« Mon Gilet jaune » est une marque déposée et appartient à une femme entrepreneur qui se frotte les mains

Aucune marque commerciale déposée n’aura été aussi convoitée que celle des « Gilets jaune », mais sa propriétaire ne veut pas la vendre. 

La propriétaire de la marque « Mon Gilet jaune » existe mais se fait discrète. C’est une femme entrepreneur qui habite Lisieux et qui ne tient pas à ce qu’on fasse beaucoup de publicité à son entreprise.

Claudine Bucourt a déposé cette marque il y a dix ans et ne s‘attendait pas à ce qu’on lui fasse autant de publicité.

Cette marque correspond aux fameux Gilets jaunes dont elle a d’ailleurs sorti toute une gamme de produits déclinés à partir du vêtement de base. Elle a simplement expliqué récemment à Julien Lagarde, correspondant de presse en Basse Normandie : « j’ai désormais un modèle plus chic, avec une capuche et une poche ventrale dans laquelle on peut placer des cartes avec des informations utiles et les coordonnées des quelques personnes à prévenir en cas d’incident ».

Claudine Bucourt ne manque ni de talent, ni d’imagination. Elle a donc fait des gilets jaunes spéciaux, élégants, pour les femmes, solides pour les motards et très « chou » pour les enfants, un gilet jaune qui peut servir à protéger les cartables. Ajoutons à cette panoplie des gilets jaunes pour chiens et chats.

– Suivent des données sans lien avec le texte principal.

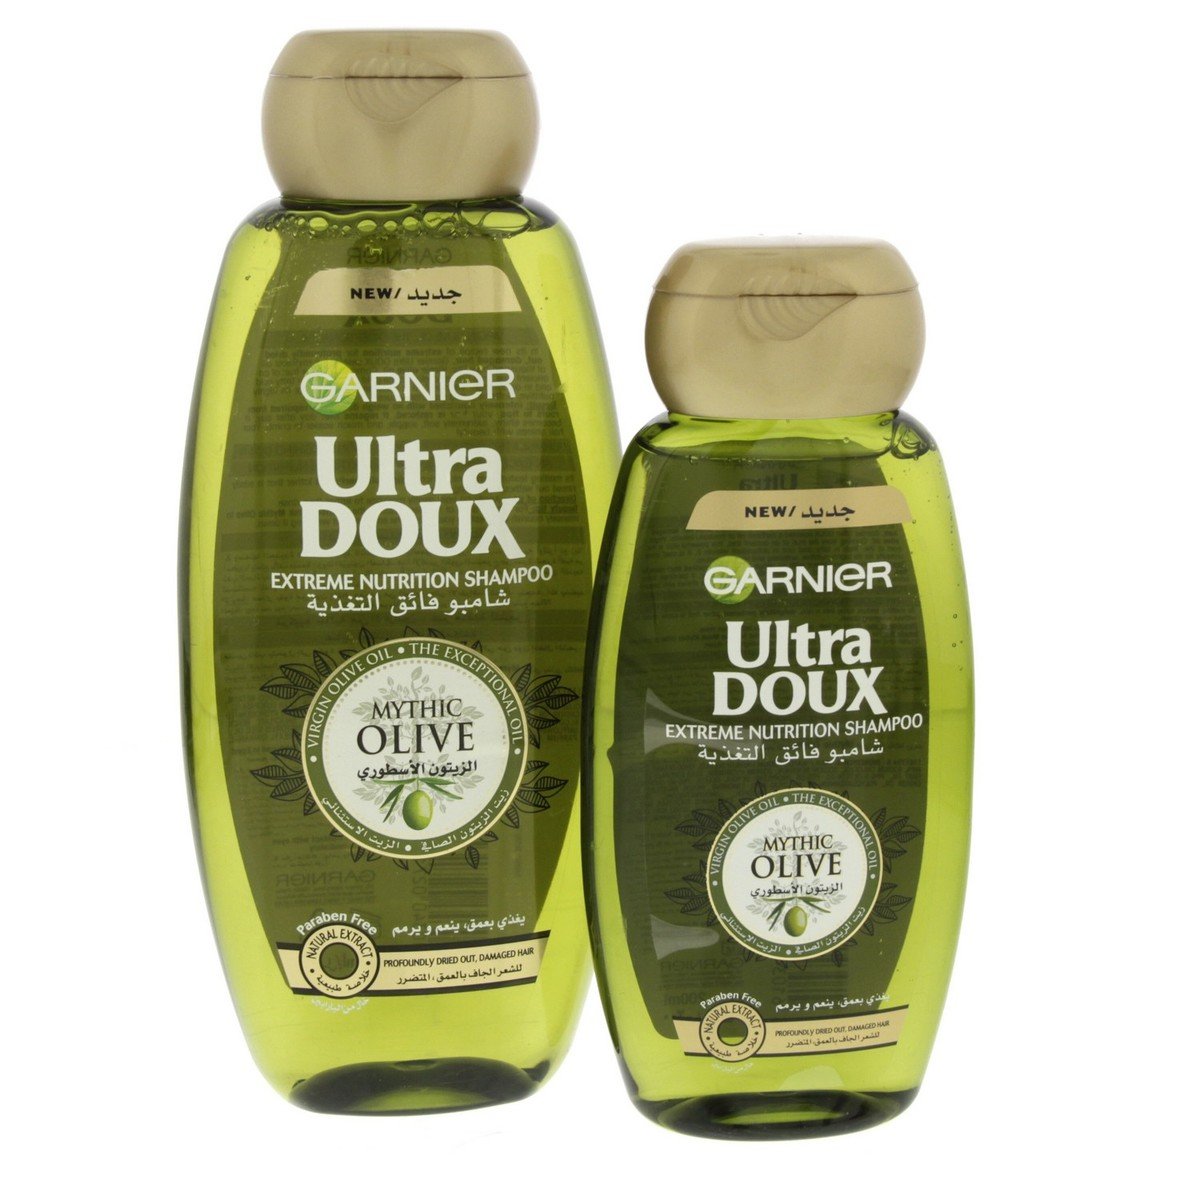 Garnier Ultra Doux  Extreme Nutrition Shampoo Mythic Olive 400ml + 200ml

Claudine Bucourt a comme vrai métier d’être designer digitale. Elle fabrique le décor des sites internet, mais pas seulement. Elle dessine aussi des vêtements, et notamment les fameux gilets jaunes qu‘elle fait fabriquer dès qu’elle a des commandes. Elle en vend beaucoup sur internet.

Alors elle n’est pas arrivée sur les gilets jaunes par hasard, mais plutôt par vengeance. Un jour, elle entend à la télévision le couturier Karl Lagerfeld pourfendre dans une publicité les fameux gilets jaunes. Il pense et dit que les gilets jaunes sont moches et nuls. Claudine Bucourt ne comprend pas et se met en tête d’en faire un objet désirable.

Depuis cette époque, la marque qu’elle a déposée a poursuivi son chemin.  Jusqu’à cette révolte en novembre où, à ce moment-là, tout bascule. Le gilet jaune devient le symbole de la révolte.

Du coup, tout le monde se précipite sur cette marque en tentant de l’acheter. Les représentants des partis politiques extrémistes ne se privent pas de faire des offres assez généreuses parce qu'ils considèrent que "le Gilet jaune" peut dans l'avenir devenir un emblème.

Claudine Bucourt a donc vérifié son dépôt de marque auprès de l’agence de la propriété et renouveler son mandat.

La marque « Mon Gilet jaune » lui appartient encore jusqu'en 2028. Ce qui lui laisse le temps de développer un autre projet, et construire un nouveau site internet qui lui servira à la commercialisation des gilets jaunes. D'autant que le grand débat va durer 3 mois encore. Au moins.

Claudine Bucourt porte le gilet jaune toute la journée, c'est son habit de travail, mais ne dit pas si elle est ou non « gilet jaune » elle-même.